Question

In a hostel, 60% of the students read Hindi newspapers, 40% read English newspapers and 20% read both Hindi and English newspapers. A student is selected at random. Find the probability that she reads neither Hindi nor English newspapers.
A. $\dfrac{1}{5}$
B. $\dfrac{2}{5}$
C. $\dfrac{3}{5}$
D. $\dfrac{4}{5}$

Answer 1

We will first make H be the event which means students who read Hindi newspapers and E be such that they read English newspapers. Now, we need to find $P(H' \cap E')$ now using the fact that $P(H' \cap E') = 1 - P(H \cup E)$.

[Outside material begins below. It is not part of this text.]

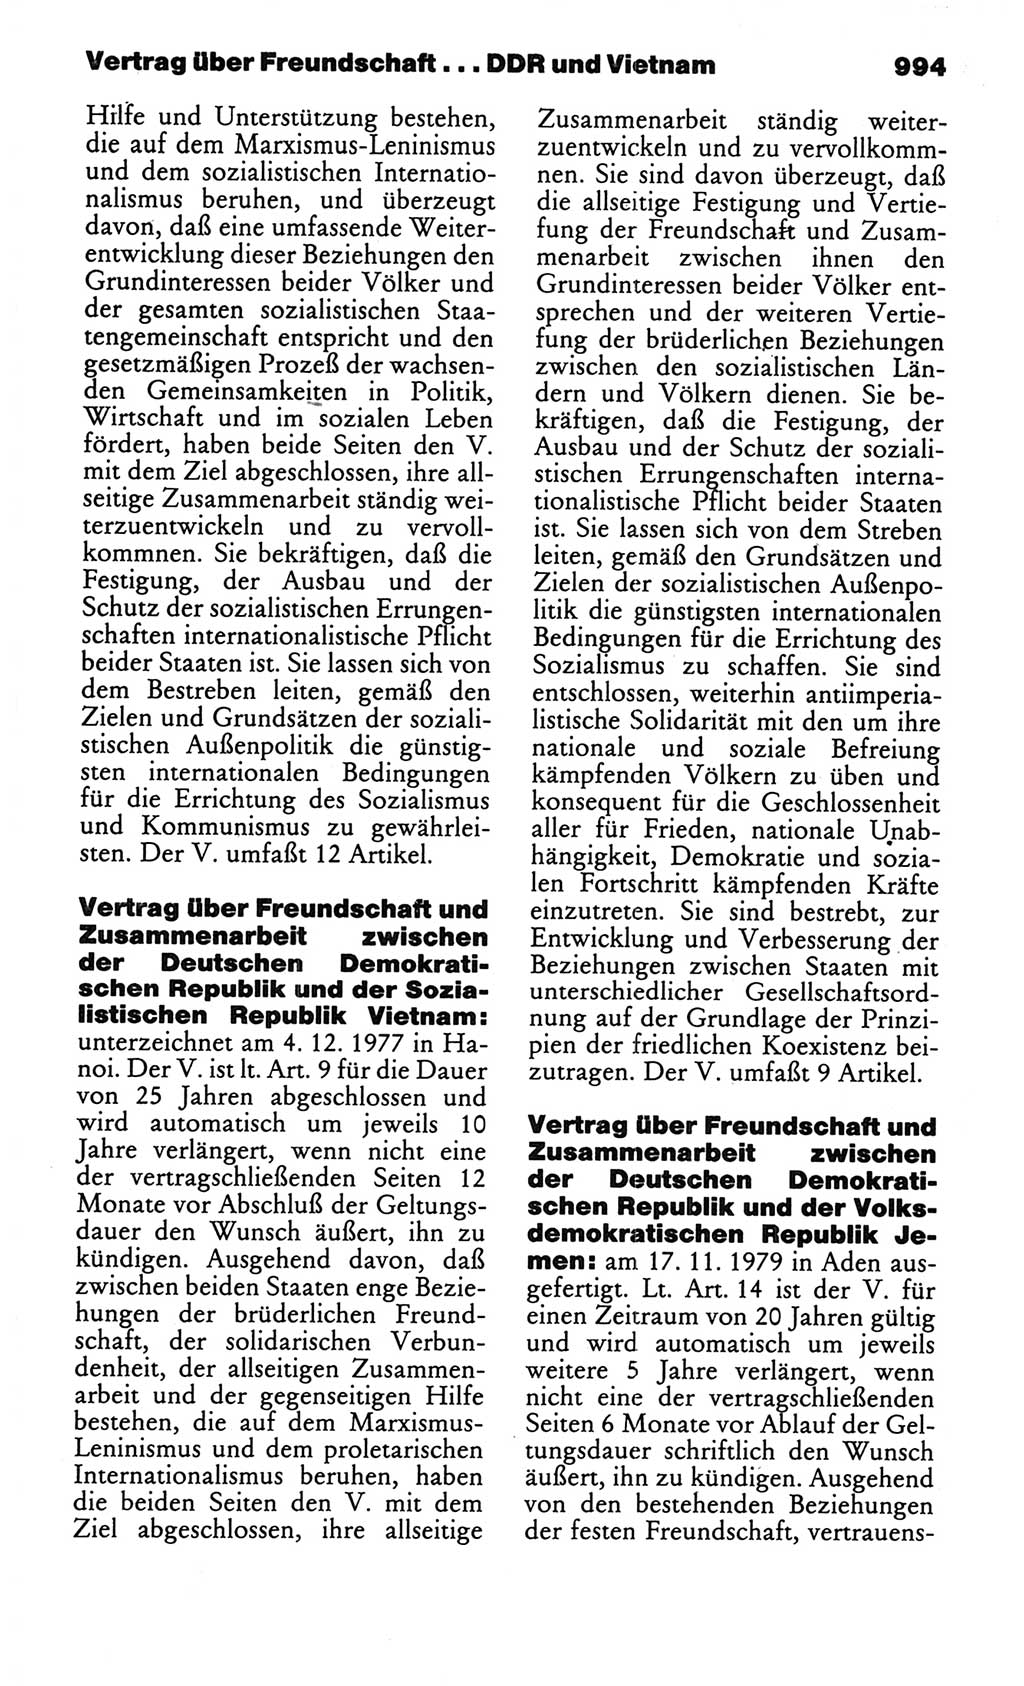 Kleines politisches Wörterbuch [Deutsche Demokratische Republik (DDR)] 1986, Seite 994 (Kl. pol. Wb. DDR 1986, S. 994)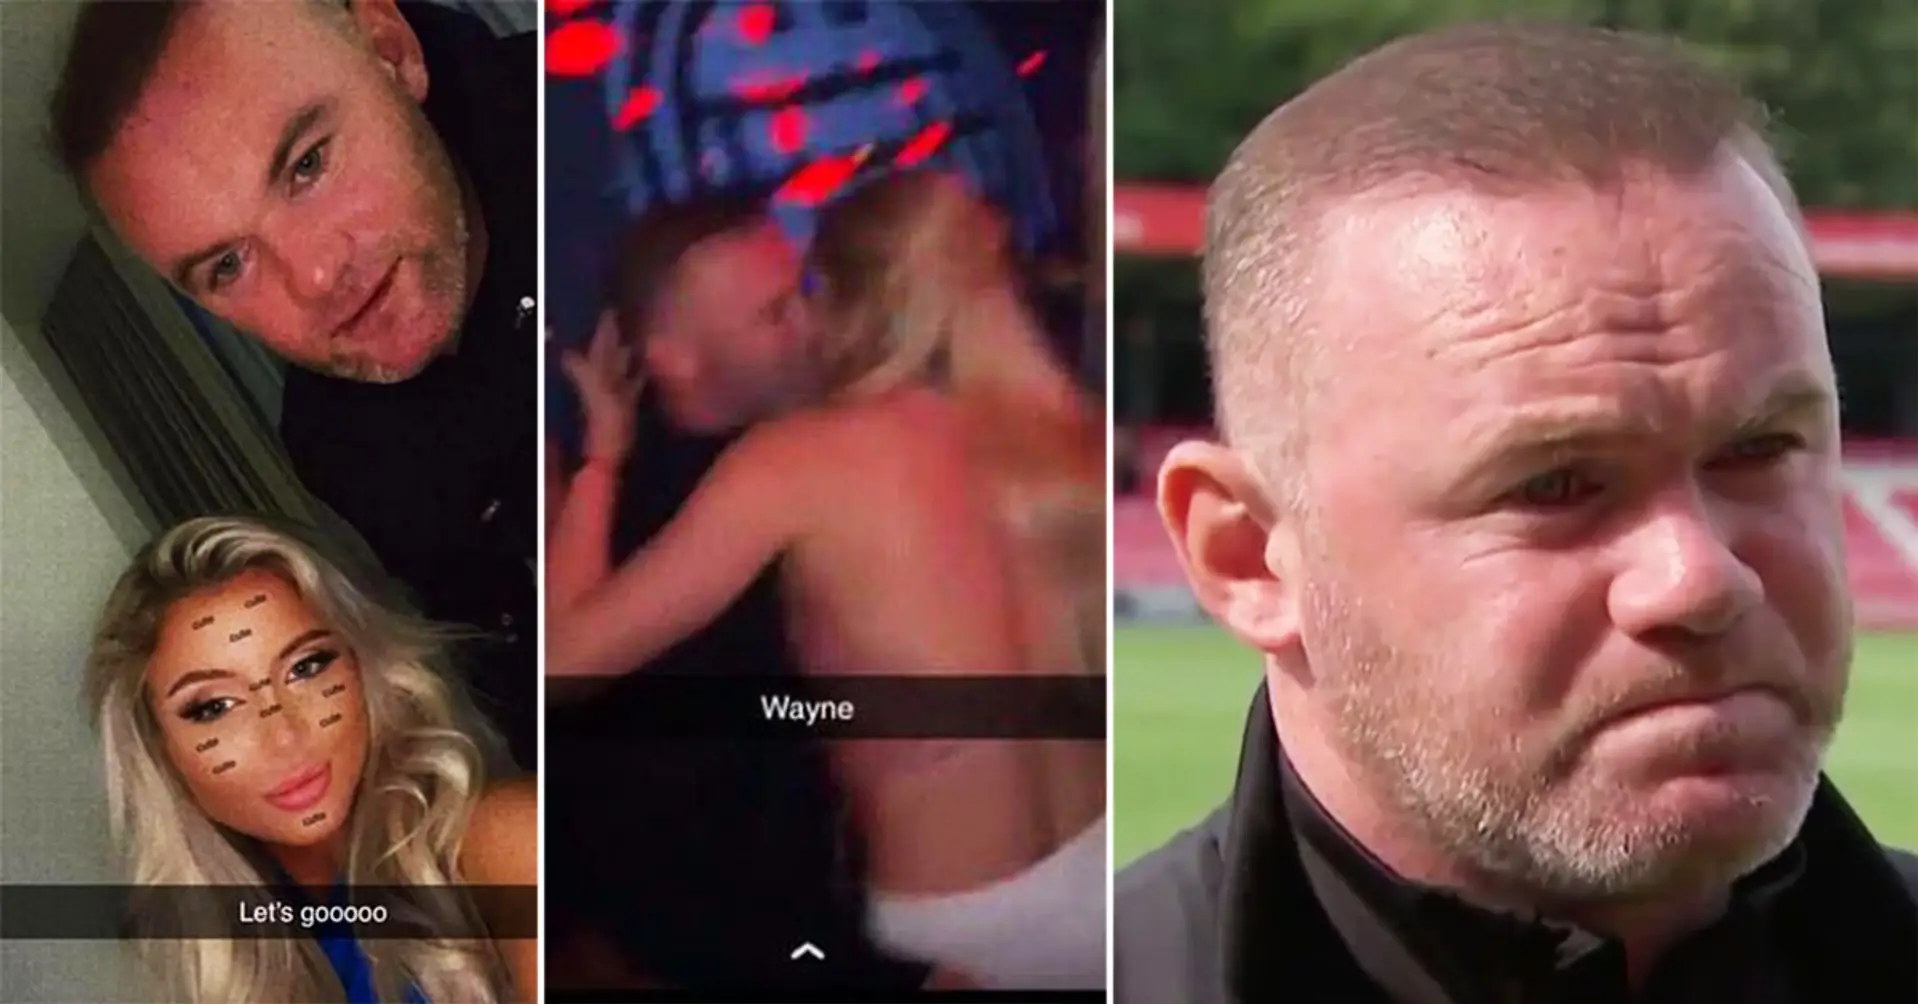 Wayne Rooney verletzt seinen eigenen Spieler und wird dann mit Models im Hotelzimmer erwischt

Complete step by step answer:
We are provided that 60% of the students read Hindi newspaper, 40% read English newspaper and 20% read both Hindi and English newspapers.
Since, we are given that 60% of the students read Hindi newspaper in a hostel.
So, P(H) = $\dfrac{{60}}{{100}}$
$\Rightarrow$ P(H) = 0.6 ……………..(1)
Since, we are also given that 40% of the students read English newspaper in a hostel.
So, P(E) = $\dfrac{{40}}{{100}}$
$\Rightarrow$ P(E) = 0.4 …………….(2)
Since, we are also given that 20% of the students read both Hindi newspaper English newspaper in a hostel.
So, $P(H \cap E)$= $\dfrac{{20}}{{100}}$
$\Rightarrow P(H \cap E) = 0.2$ ……………(3)
Now, we will use the formula: $P\left( {H \cup E} \right) = P\left( H \right) + P\left( E \right) - P\left( {H \cap E} \right)$
Putting the values in the above expression, we will then obtain:-
$\Rightarrow P\left( {H \cup E} \right) = 0.6 + 0.4 - 0.2$
Simplifying the values on the right hand side, we will then get:-
$\Rightarrow P\left( {H \cup E} \right) = 0.8$ ……………(4)
Now, we also know that by using De Morgan’s Rule, we will get:-
$\Rightarrow \left( {H \cup E} \right)' = H' \cap E'$
Taking the probability on both the sides, we will get:-
$\Rightarrow P\left( {\left( {H \cup E} \right)'} \right) = P\left( {H' \cap E'} \right)$
Now, we know that for any event A, we have: P(A’) = 1 – P(A).
$\Rightarrow 1 - P\left( {H \cup E} \right) = P\left( {H' \cap E'} \right)$
Putting the values using the equation (4), we will get:-
$\Rightarrow P\left( {H' \cap E'} \right) = 1 - 0.8$
Simplifying the values on the right hand side, we will get:-
$\Rightarrow P\left( {H' \cap E'} \right) = 0.2$
We can write it as:-
$\Rightarrow P\left( {H' \cap E'} \right) = \dfrac{2}{{10}} = \dfrac{1}{5}$

Hence, the correct option is (A).

Note: The students must notice that the percentage is converted in probability by dividing the percentage by 100 and thus we get the probabilities as 0.6, 0.4 and 0.2.
The students must note that they must commit to the memory the following formulas:-
For any event A, we have: P(A’) = 1 – P(A), where A’ represents A complement.
For any two event H and E, we have: $\left( {H \cup E} \right)' = H' \cap E'$
For any two event H and E, we have : $P\left( {H \cup E} \right) = P\left( H \right) + P\left( E \right) - P\left( {H \cap E} \right)$